[arin-ppml] Policy Proposal: Whois Integrity Policy Proposal
vixie at isc.org
Wed Aug 20 14:13:22 EDT 2008
> If you (meaning ARIN) believe it desirable to bring the legacy
> registrants into the fold, you really have two options:
> 1. Do it substantially on their terms.
> 2. Do it by soliciting sufficient legal authority for ICANN from the
> USG so that "the community," by way of ARIN, can force the issue.
> Pick your poison.
as a signator of LRSA in my day job, i just can't agree that this is the
choice ARIN faces. and without taking a position on whether ICANN is a
relevant authority or a past successor in interest to USG on addresses,
i think your given two choices are oversimplified.
> We can argue about it on PPML for the next ten years but the bottom
> line is this: the legacy registrants will come into the fold either
> when they're forced to or when they see an offer they like. At the
> moment, you haven't enough authority to force the issue without making
> a mess that hurts you and the community as much as or more than it
> hurts the legacy registrants.
if the will of the community was that the issue be forced, then we could
discuss its practicalities. however, that's not evidenced, so let's not.
> And you haven't made the legacy registrants an offer they like.

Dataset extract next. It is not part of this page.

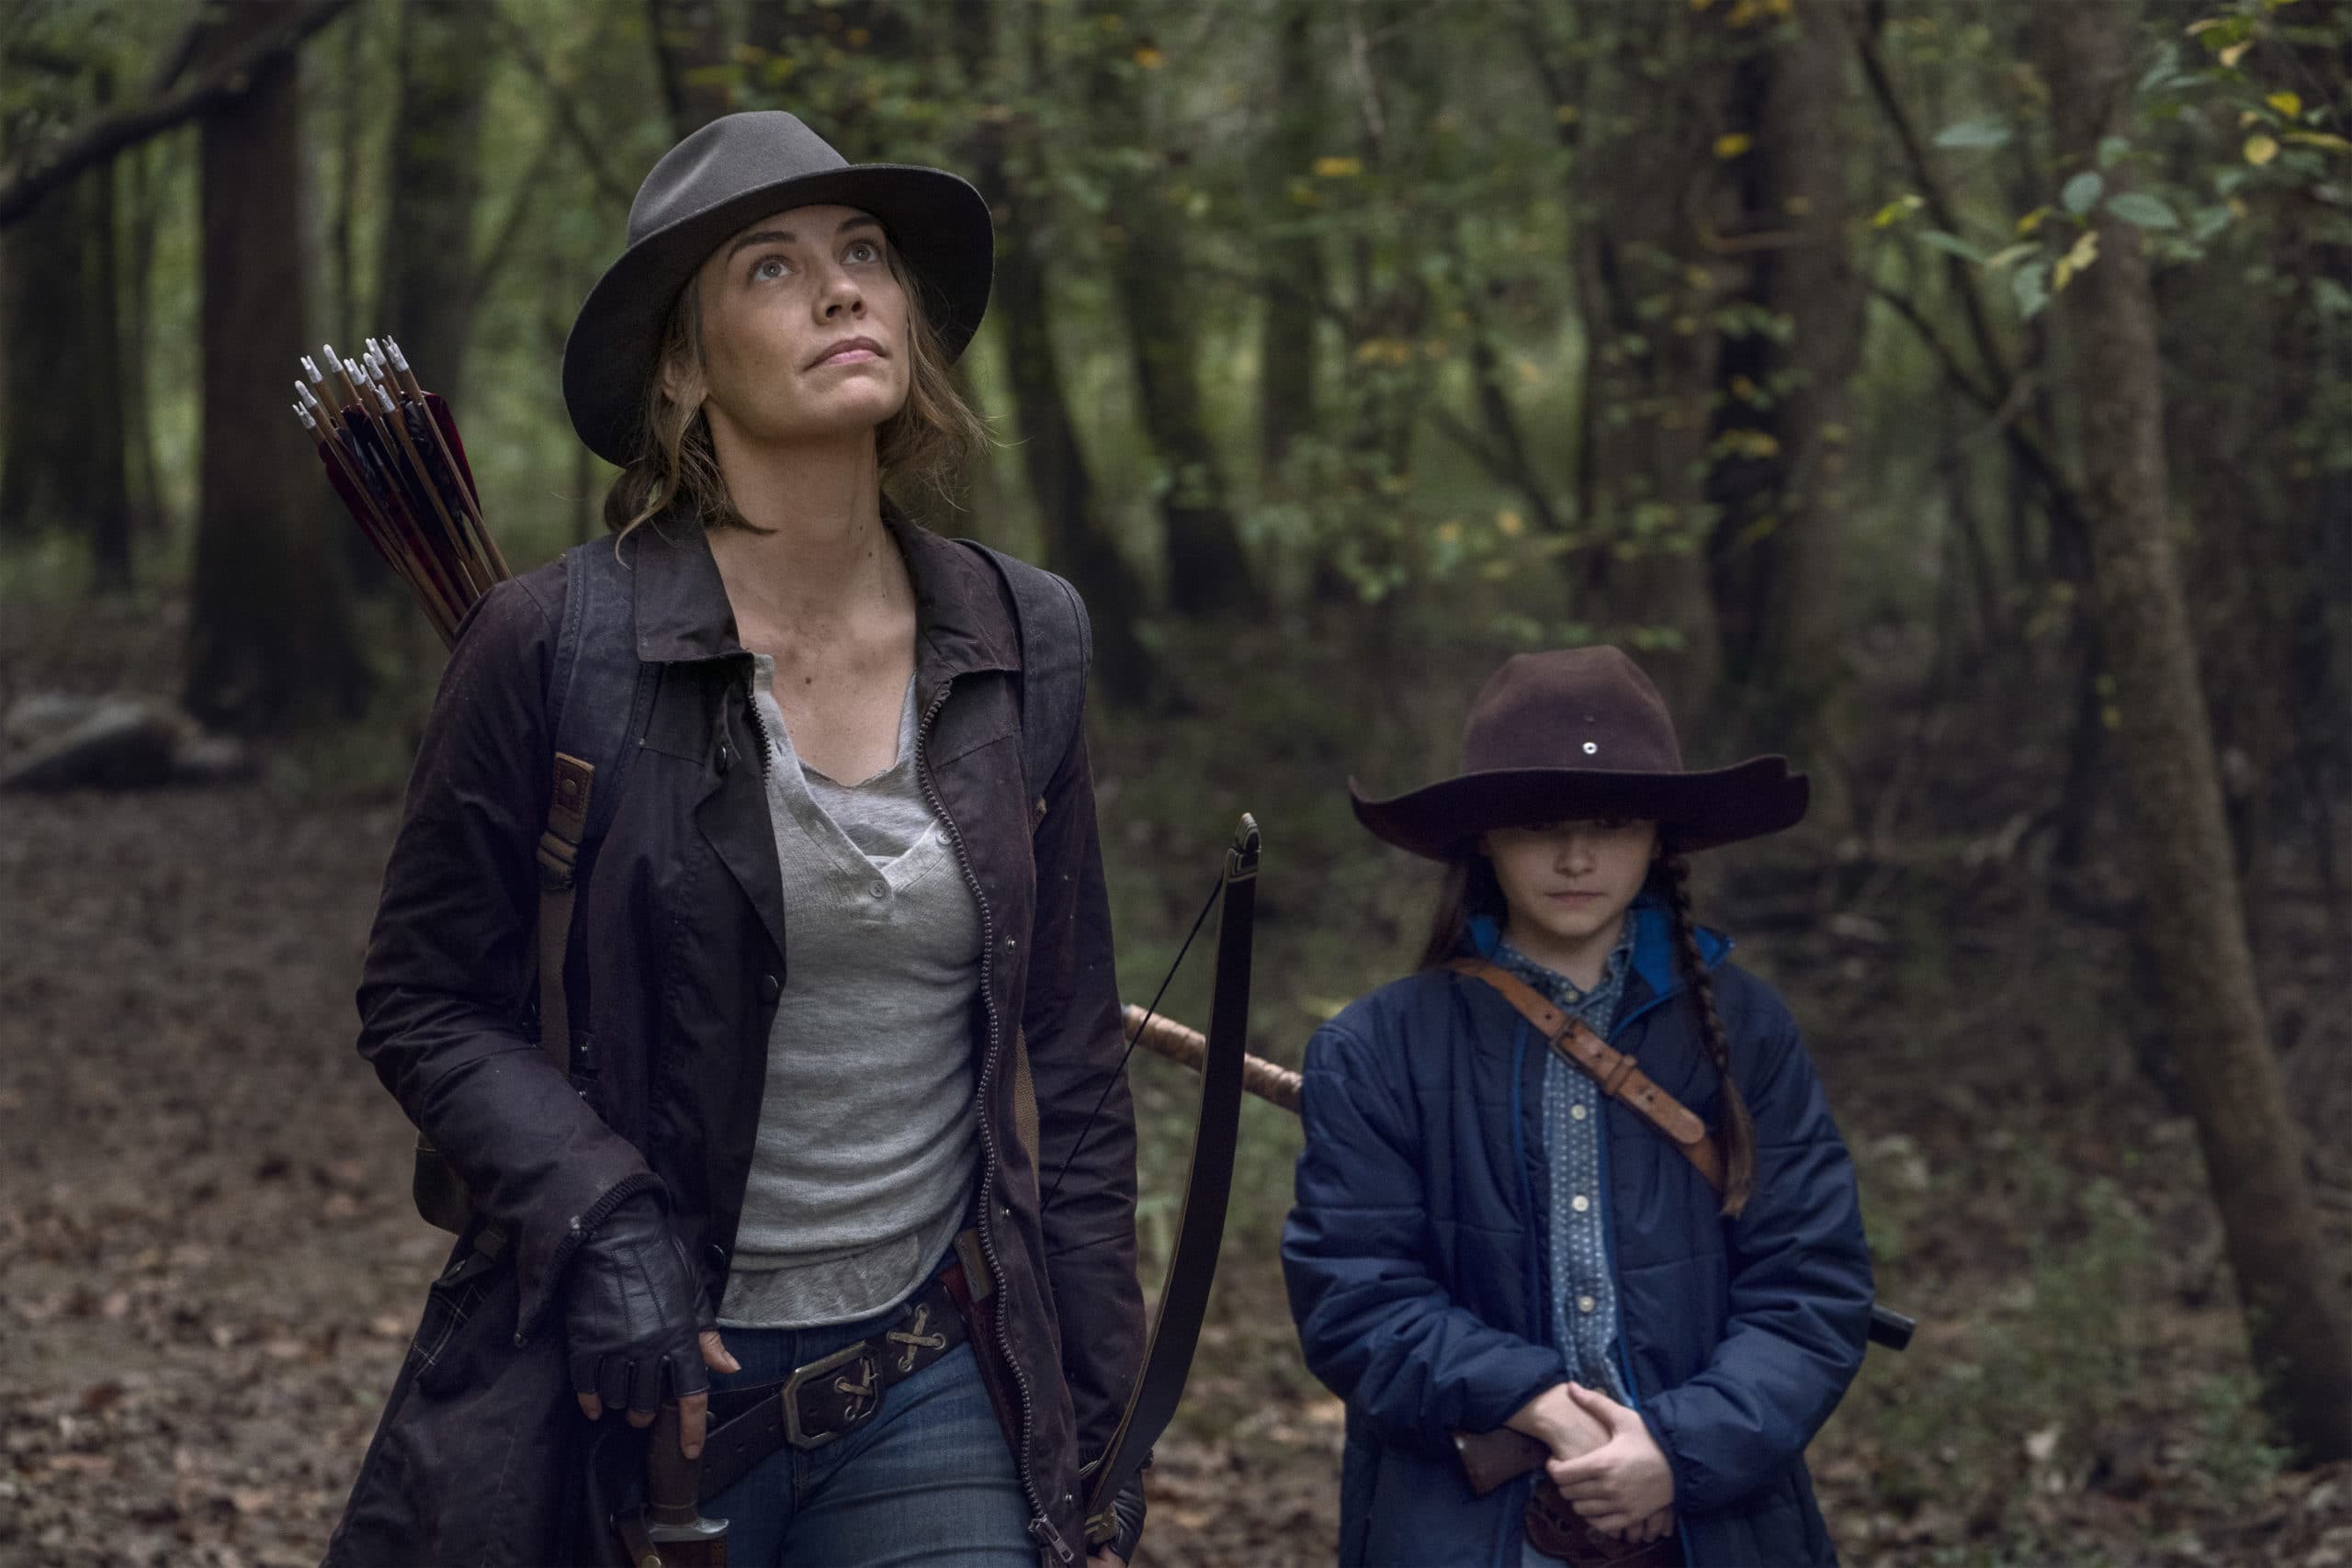 Lauren Cohan as Maggie Greene and Cailey Fleming as Judith Grimes

you're acting like i was the only one who signed it on advice of dayjob
counsel. there hasn't been a stampede, i'll grant that, but other than a
few folks on PPML some of whom misunderstood the terms and changed their
minds after they learned the details, there hasn't been a revolt, either.
> > ...
> As I recall, the community's involvement with the LRSA started and
> stopped with proposing that one exist. From there it was taken behind
> closed doors and ratified in substantially the same form as it was first
> And frankly that's probably OK. It isn't within the purview of the public
> policy process to write ARIN's contract documents. The best any of us can
> really do is draw your attention to clauses that might be improved.

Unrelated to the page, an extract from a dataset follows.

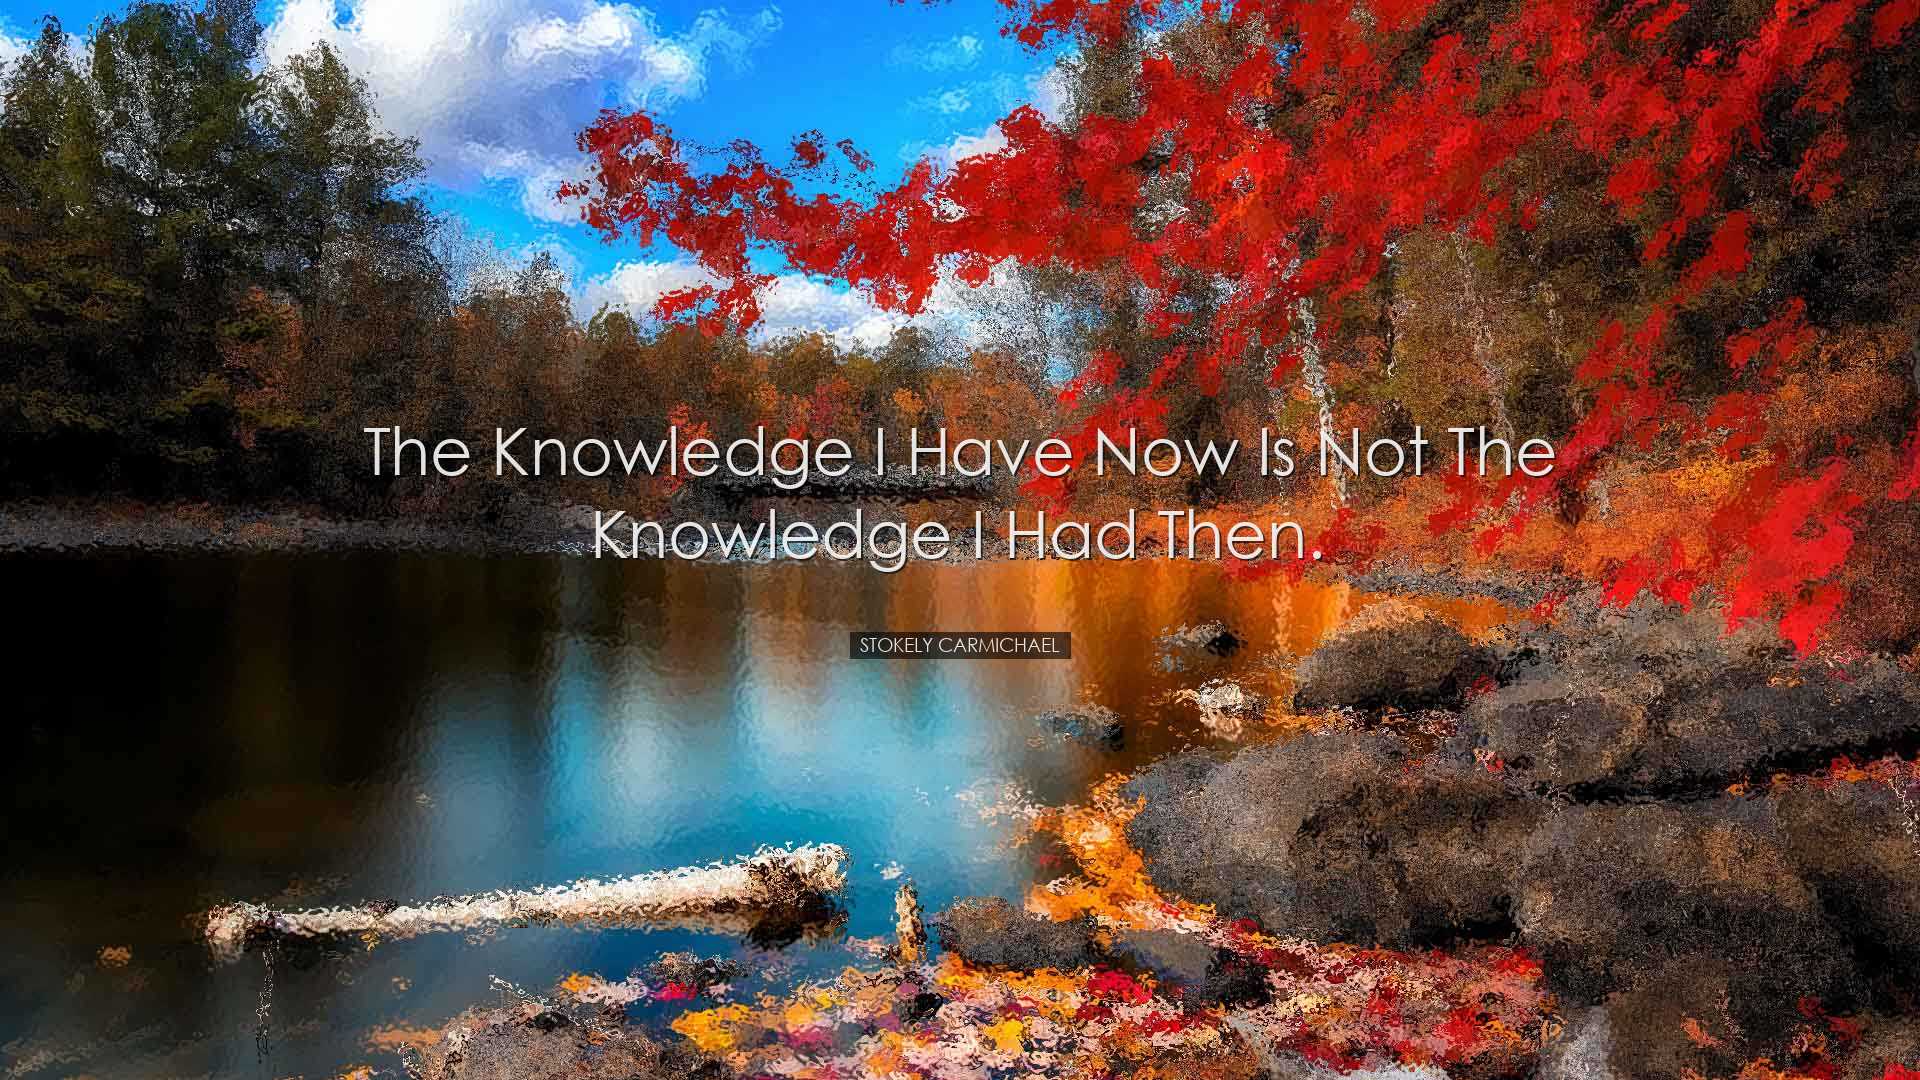 The knowledge I have now is not the knowledge I had then. - Stokel

while PPML is meant substantially to discuss the NRPM, it's in my opinion
quite reasonable to propose changes to the LRSA here as well, even if the
process for getting ideas from the mailing list into the contract language
are a bit fuzzy. the LRSA is online, i recommend that folks who think it
sends the wrong message or misconveys the community's interests download
it, post the text they think is bad, and post proposed replacement text,
with reasoning for the change. if on the other hand your complaint is not
generalizable -- it's for your own reasons as a legacy holder that you do
not want to sign it -- then that's probably something to negotiate with
staff rather than trying to get community consensus about it.
> On Wed, Aug 20, 2008 at 1:40 AM, Ted Mittelstaedt <tedm at ipinc.net> wrote:
> > What is the point of signing a contract that has no teeth?
> Excellent question but it cuts both ways. With the LRSA, we know what
> teeth bite the registrant if he doesn't uphold his end: he loses his
> addresses. What teeth bite ARIN if they don't uphold theirs? What's
> ARIN's penalty for trying to skirt the edge of what the contract allows?
lawsuits, i expect. but can you explain ARIN's likely motives for skirting?
> Without as strong a penalty as the registrant faces for failing to uphold
> his end, the LRSA is lopsided even before you consider the beneficial
> status the legacy registrant holds if he signs no contract.
my own dayjob counsel told me that it would be better to have known rights
than unknown rights, as long as i didn't care about selling the address
space on e-bay. is that the elephant in this room? are some legacy
holders objecting to having RSA-like restrictions on selling their space,
and are therefore rejecting the LRSA on that basis, but not willing to say
so here? if so, that's kinda rotten, and maybe somewhat pessimistic. i
don't expect that any transfer policy (along the lines of 2008-2 or
similar) will offer differential rights to LRSA vs. RSA, and i think it
would be wrong for legacy holders to ask for differential transfer rights,
that would show a "land rush" mentality around resources that were granted
by the community for the community's good. legacy, LRSA, and RSA all share
fate with regard to prospective "paid transfer" or any other kind of
transfer. so i'm at wit's end trying to understand what rights a legacy
holder thinks they can preserve by not signing an LRSA.